There are also limits on how much can be held in a pension pot before other tax charges start to bite. The lifetime allowance for the 2021/22 tax year is £1,073,100. Where an individual’s total pension pots exceed this limit, they may incur additional tax charges when they come to cash it in. Again, this is another reason for those considering making larger contributions to take advice before doing so.
Individual savings accounts (ISAs)
ISAs are tax-advantaged products which allow capital to grow tax-free because the income and gains from funds invested in an ISA are not taxable. Individuals are limited in how much they can pay in and any unused allowance cannot be rolled forward, so it’s a use it or lose it allowance each tax year.
ISAs are tax-advantaged products which allow capital to grow tax-free because the income and gains from funds invested in an ISA are not taxable
Since their launch in 1999, ISAs have evolved and there are now four different types of ISA – cash ISAs, stocks and shares ISAs, innovative finance ISAs and lifetime ISAs.
Not everyone can invest in each type of ISA. You need to be over 16 for a cash ISA and over 18 for the other three.
For lifetime ISAs you must be 39 or younger when you open the account and saving for either your first home or your retirement. Provided certain conditions are met, individuals investing in a lifetime ISA will receive a bonus from the government of £1 for every £4 invested until they turn 50. This bonus is another reason not to miss out on the potential to contribute each tax year.

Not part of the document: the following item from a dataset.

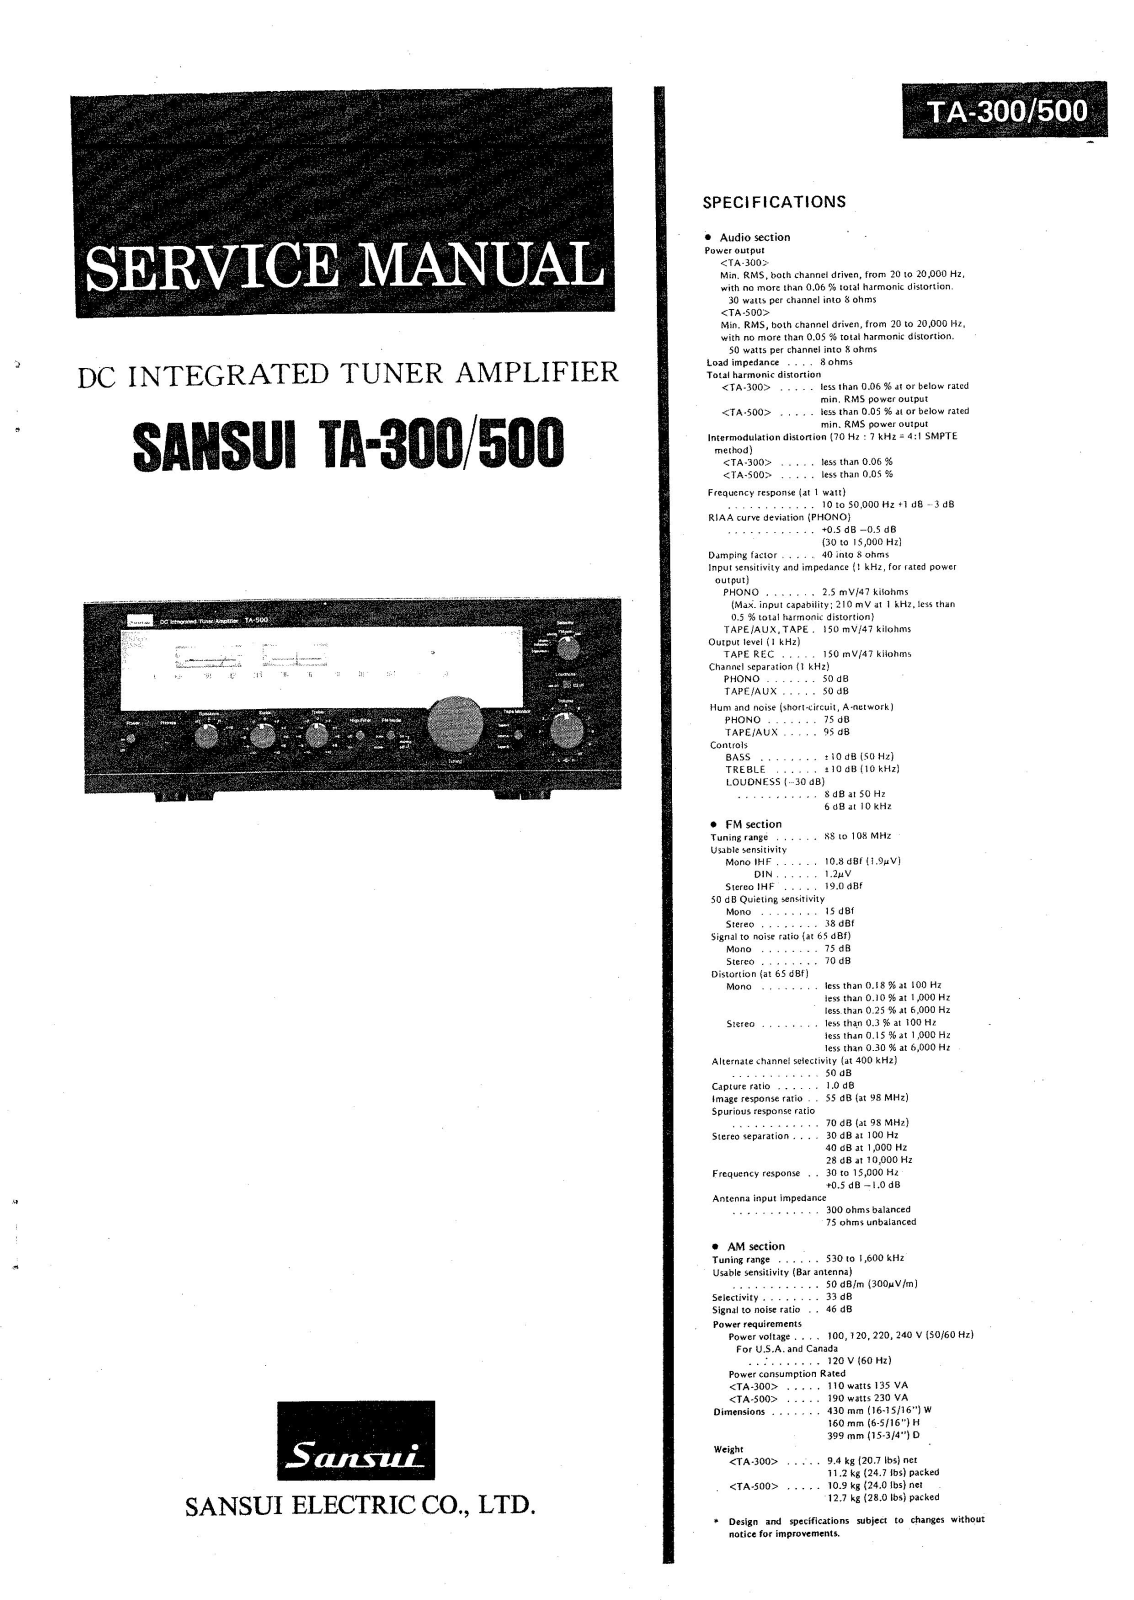 Sansui TA-300 Service Manual

There are limits on how much an individual can invest in any tax year. The total limit across all four types of ISA for 2021/22 is £20,000 – of which no more than £4,000 can be invested into a lifetime ISA.
For those who have maxed out their own ISA, it is possible to provide for children via a Junior ISA. Generally, parents need to take care when transferring money to children under 18 as special rules mean that if the income generated from capital gifted by a parent to their child exceeds £100 per year, that income remains taxable on the parent. However, these rules do not apply to Junior ISAs which can be set up for a child under 18 who does not have a Child Trust Fund. The subscription limit for a Junior ISA is £9,000 for 2021/22.
Parents need to take care when transferring money to children under 18 as special rules mean that if the income generated from capital gifted by a parent to their child exceeds £100 per year, that income remains taxable on the parent
For those who opt to save outside of ISAs then there are further allowances to reduce the tax due. The savings allowance varies according to the individual’s income but for basic rate taxpayers up to £1,000 of savings income can be outside of tax. This reduces to £500 for higher rate taxpayers and there is no allowance for those paying tax at 45 percent rates. A similar relief exists for dividend income.
Tax and time are mutual bedfellows. While it is often said “don’t let the tax tail wag the investment dog”, don’t take action purely on the tax benefit – tax opportunities do come and go. With the payback for coronavirus starting in April 2022 with measures including the Health and Social Care Levy and increases to the dividend rate, it’s sensible to look at every option now before doors are closed in April.